Let $\omega(n)$ be the number of distinct primes dividing $n$.
- For $x\in(0,1)$, let $\varphi(x,n)$ be the number of positive integers $m\leq xn$ which are prime to $n$. Show that $\varphi(x,n)=x\varphi(n)+O(\tau(n))$.
- Deduce that as $n\to\infty,\,\varphi(x,n) \sim x\varphi(n)$.
This is an exercise in the book Fundamentals of Number Theory (page 142). I was wondering how to connect it with $\omega(n)$. Could you explain it to me or give a proof on that?
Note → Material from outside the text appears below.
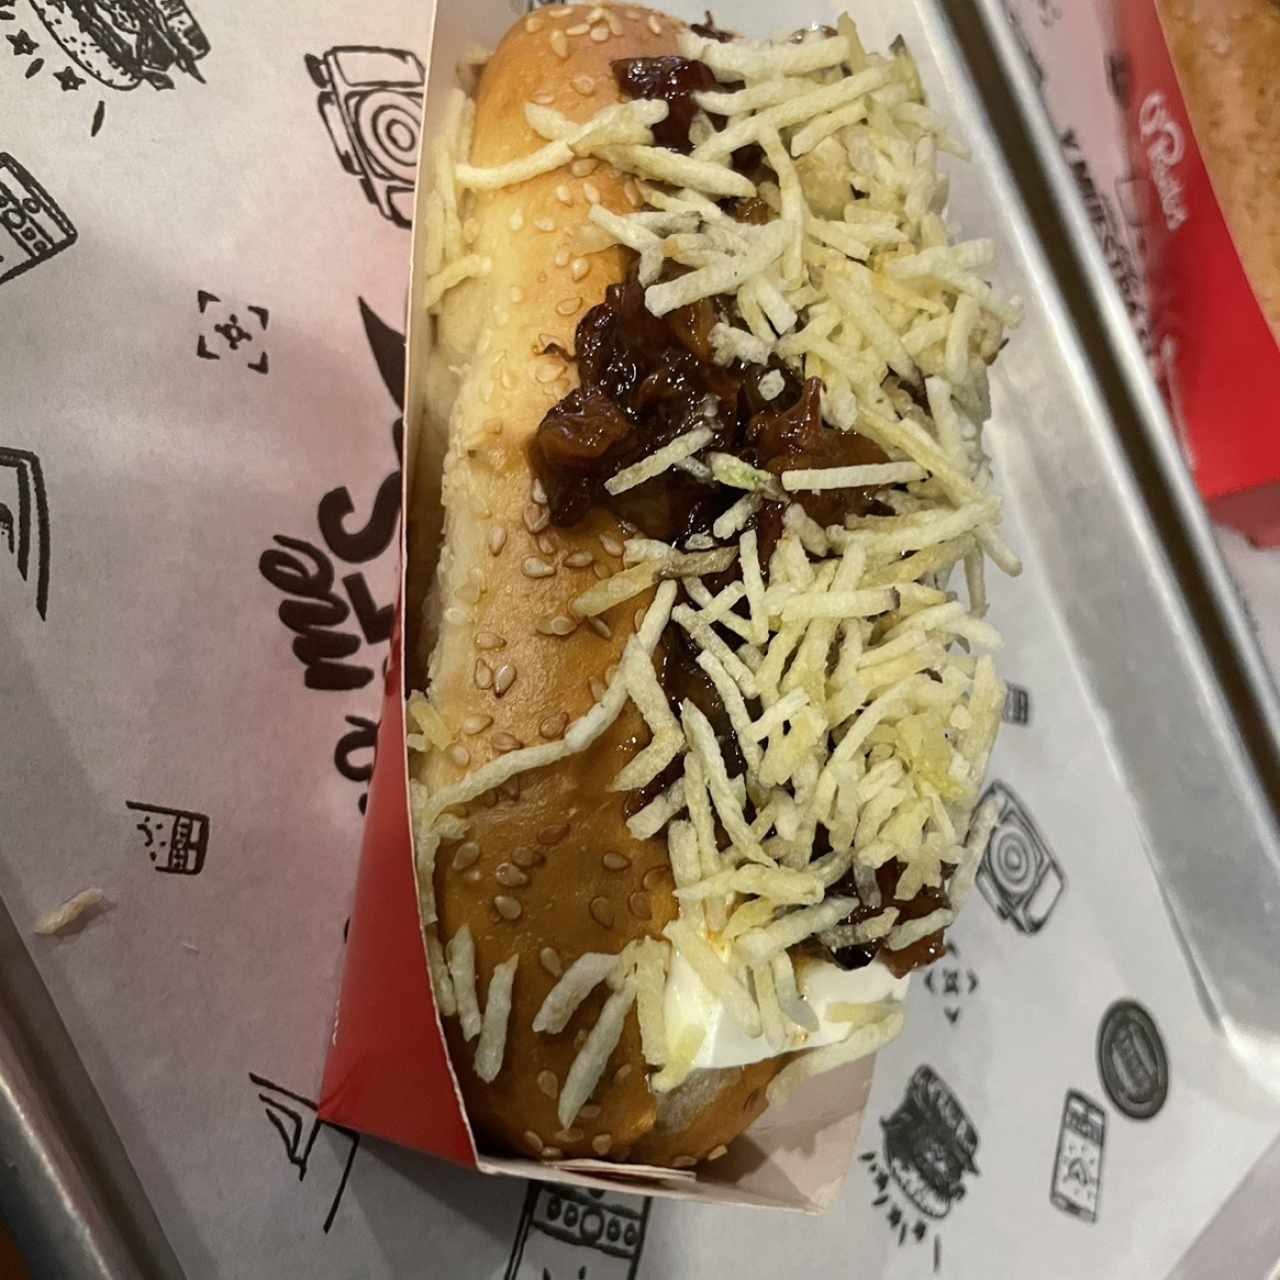 Hot Dog - Real Dog
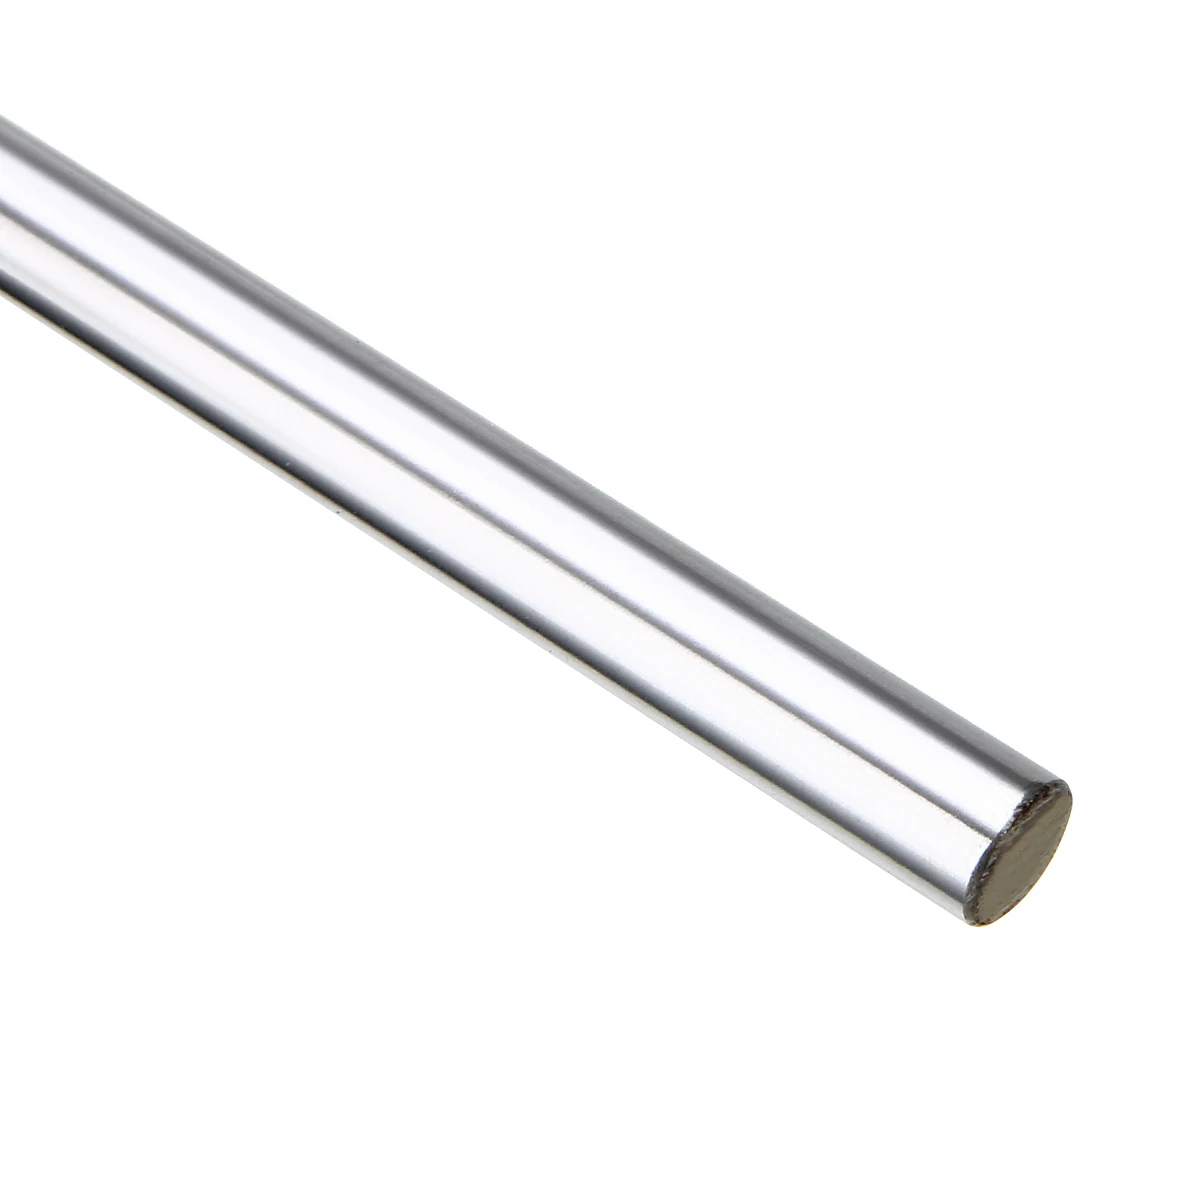 1X8 мм цилиндр линейный рельс линейный вал оптическая ось 600 мм длина подшипника стальной стержень бар для точной механической линейной

Thanks in advance.
In number theory questions concerning multiplicative functions, one of the best approaches ever is to remember that the Möbius function can detect the number 1 from among all positive integers:$$ \sum_{d\mid n} \mu(d) = \begin{cases} 1, &\text{if } n=1, \\ 0, &\text{if } n>1. \end{cases}$$ Therefore you can write$$ \phi(x,n) = \sum_{\substack{m\le xn \\ \gcd(m,n)=1}} 1 = \sum_{m\le xn} \sum_{d\mid \gcd(m,n)} \mu(d) = \sum_{d\mid n} \mu(d) \sum_{\substack{m\le xn \\ d\mid n}} 1.$$ EDITED TO INCLUDE MORE DETAILS: The number of integers up to $y$ that are multiples of $d$ is exactly $\lfloor y/d\rfloor$, which is $y/d + O(1)$. Therefore$$ \phi(x,n) = \sum_{d\mid n} \mu(d) \bigg( \frac{xn}d + O(1) \bigg) = xn \sum_{d\mid n} \frac{\mu(d)}d + O \bigg( \sum_{d\mid n} |\mu(d)| \bigg). $$ The first sum is exactly $\phi(n)/n$, and the second sum is exactly $2^{\omega(n)}$ (you can check both of these identites by verifying them on prime powers, since all these functions are multiplicative). It is also true that $2^{\omega(n)} \le \tau(n)$, which you can prove in several ways (combinatorially, or by evaluating on prime powers and using multiplicativity).